How to create Effective Outage/Alert communication process
It is required that service providers send effective communication to users in case there is any scheduled maintenance planned or failure of the services. If delays are to be expected, it is important to provide an estimated resolution time so that staffs/customers can plan their time accordingly. It is possible only in cases when the outage is planned. Status update is also required in order to keep those people informed who are most affected by a failure. Right Business/ Stake holders and correct Technical Teams should be included via an email communication.

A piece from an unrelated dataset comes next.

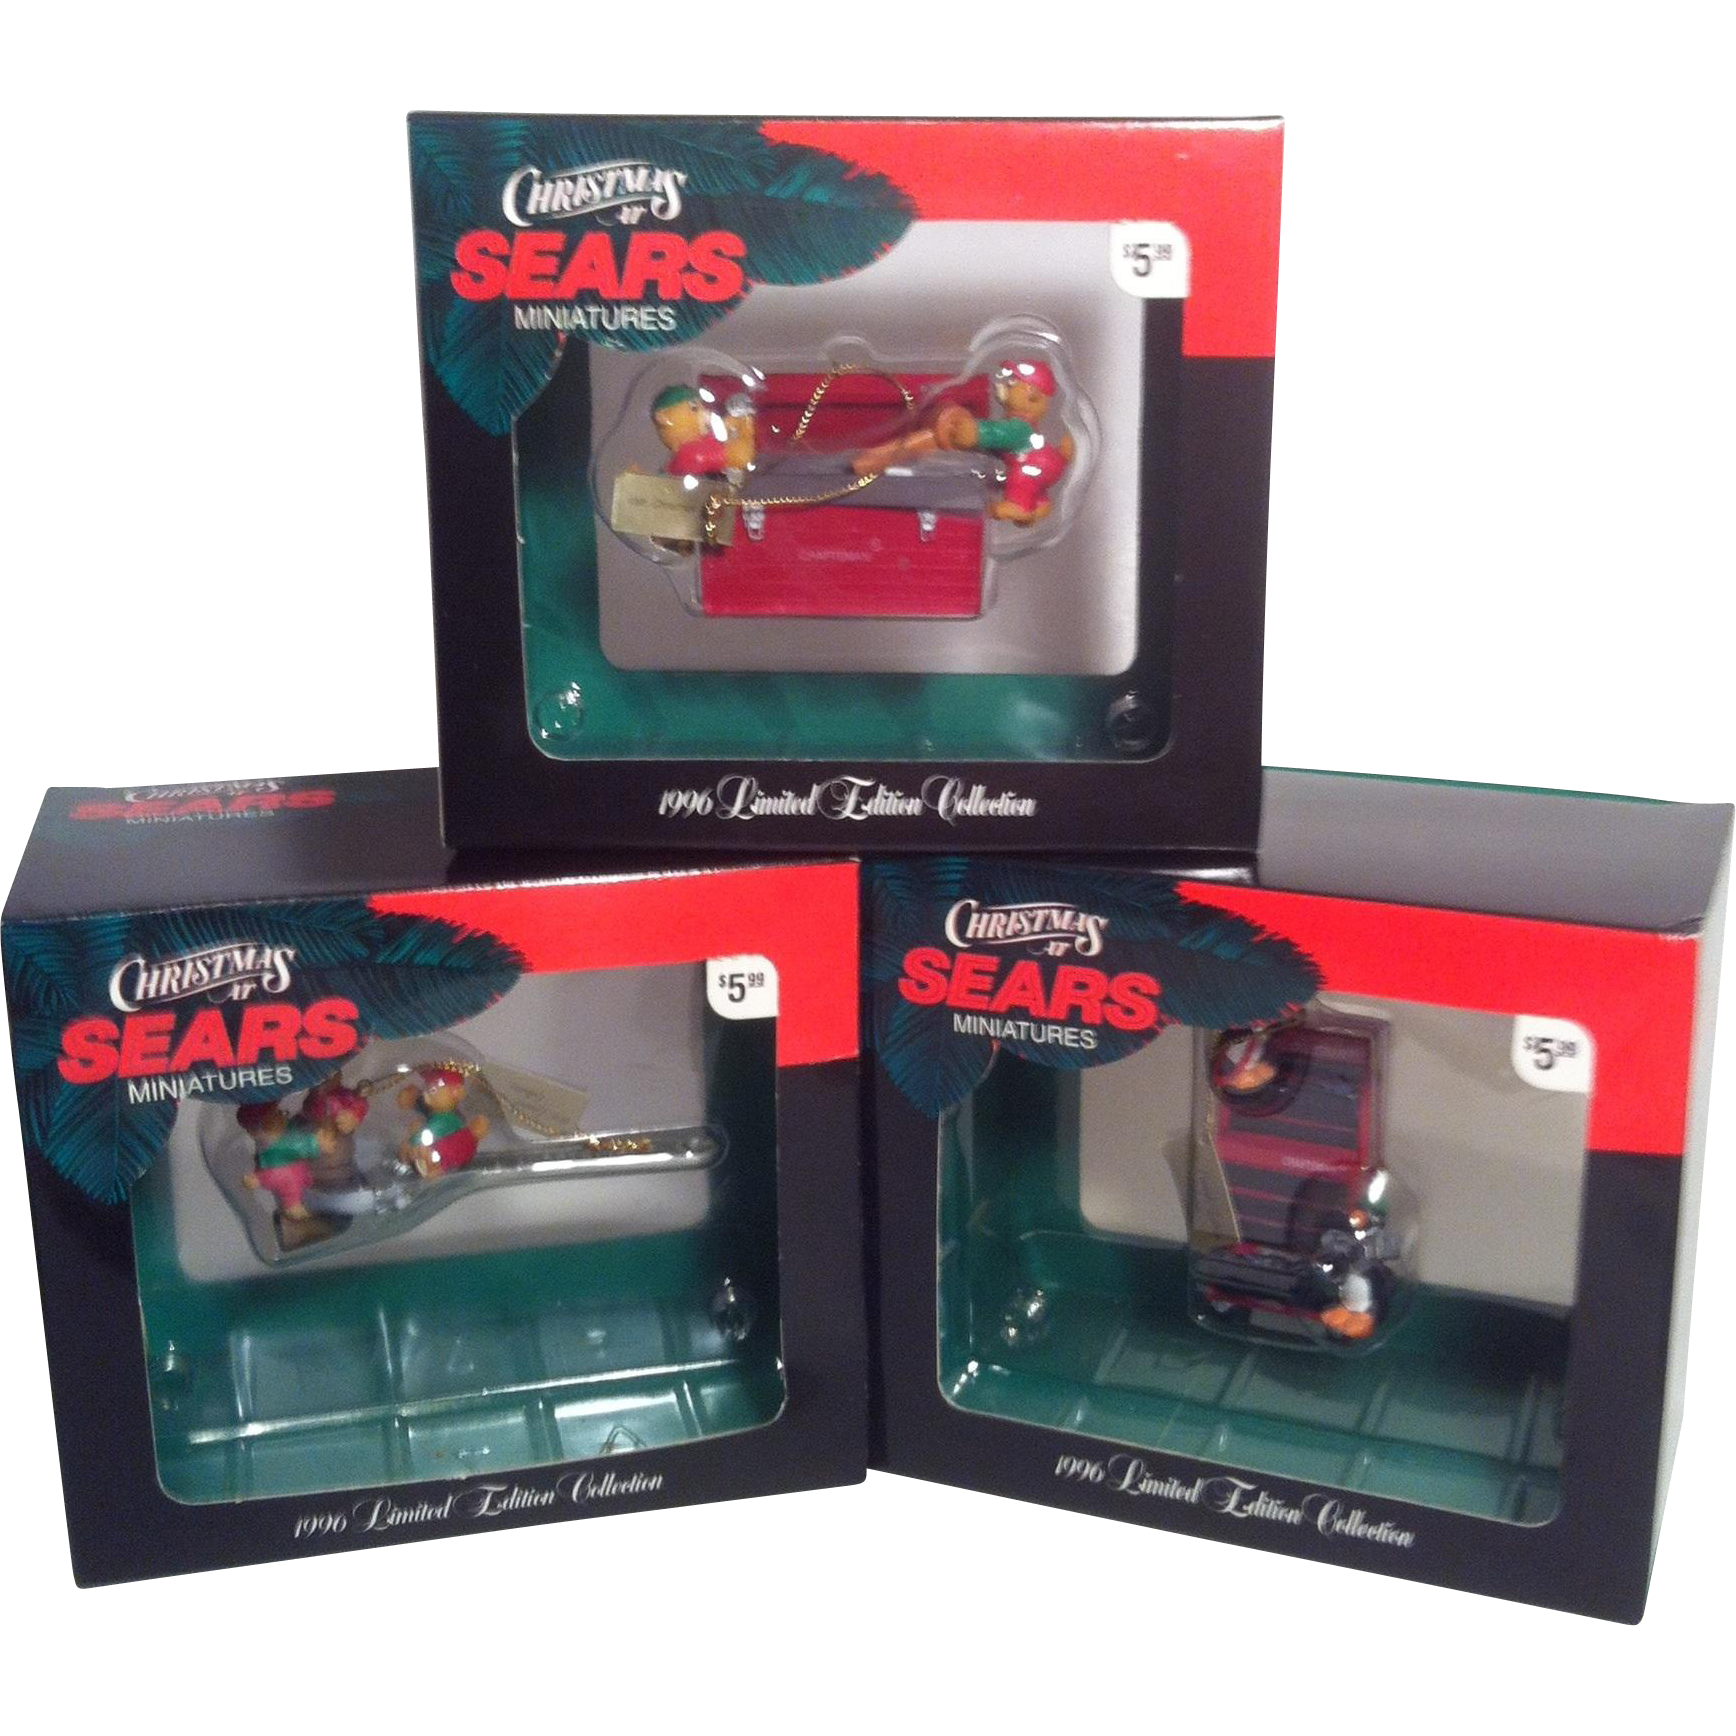 1996 Craftsman Limited Edition Miniature Ornaments~ set of three

Benefits of sending communication:
Giving updates by communication reduces unexpected spike in Incident & call volume. For an example some highly used Application/Service is not working and customers are not been updated by sending any notification. Just imagine how many incidents will be created in such circumstances. It will be far too many to control.
Also, it’s important that technical teams should be made aware about the SLA Agreements between the service provider and customer in order to get exonerate from the Outage situation quickly.
There can be multiple teams involved in fixing the issue on the Applications/Services. It is possible that other teams also send the notification to almost same list of users for the same issue. This may create confusion. In my organization, there was a similar case. I did an analysis for 6 months and found that a team had sent the Outage/Alert notification 8 times for the same issue as my team. In such cases, it is advisable to have a single source of communication with Incident Management team to avoid duplication.
The periodic updates that are to be sent should be concise, and what is needed by the stake holders. The communication can be sent by any communication tool but the format should be mobile friendly as most management users access through their device. Final communication can involve more technical details. Ideally, it should have subject for which the notification is to be sent, day & date, time started, time ended, Impact - Sites & Service affected, actions taken, actions required, next steps, contact information and resolution and (if known) route cause. This line may include, work around details or problem record details for RCA.
Identifying and involving stakeholders is very important. I think it's the best, when in the project; all IT teams (who do Service Operation tasks) are represented. One can identify the problems with the recent outage/alert communication, and collect the requirements for improvement. If one doesn't involve all relevant stakeholders, they may not accept the project outcome. Management involvement is necessary too (manage and approve resources to the project). The requirements of the Business are also important. If you have Business relationship managers, they can collect the requirements of the business.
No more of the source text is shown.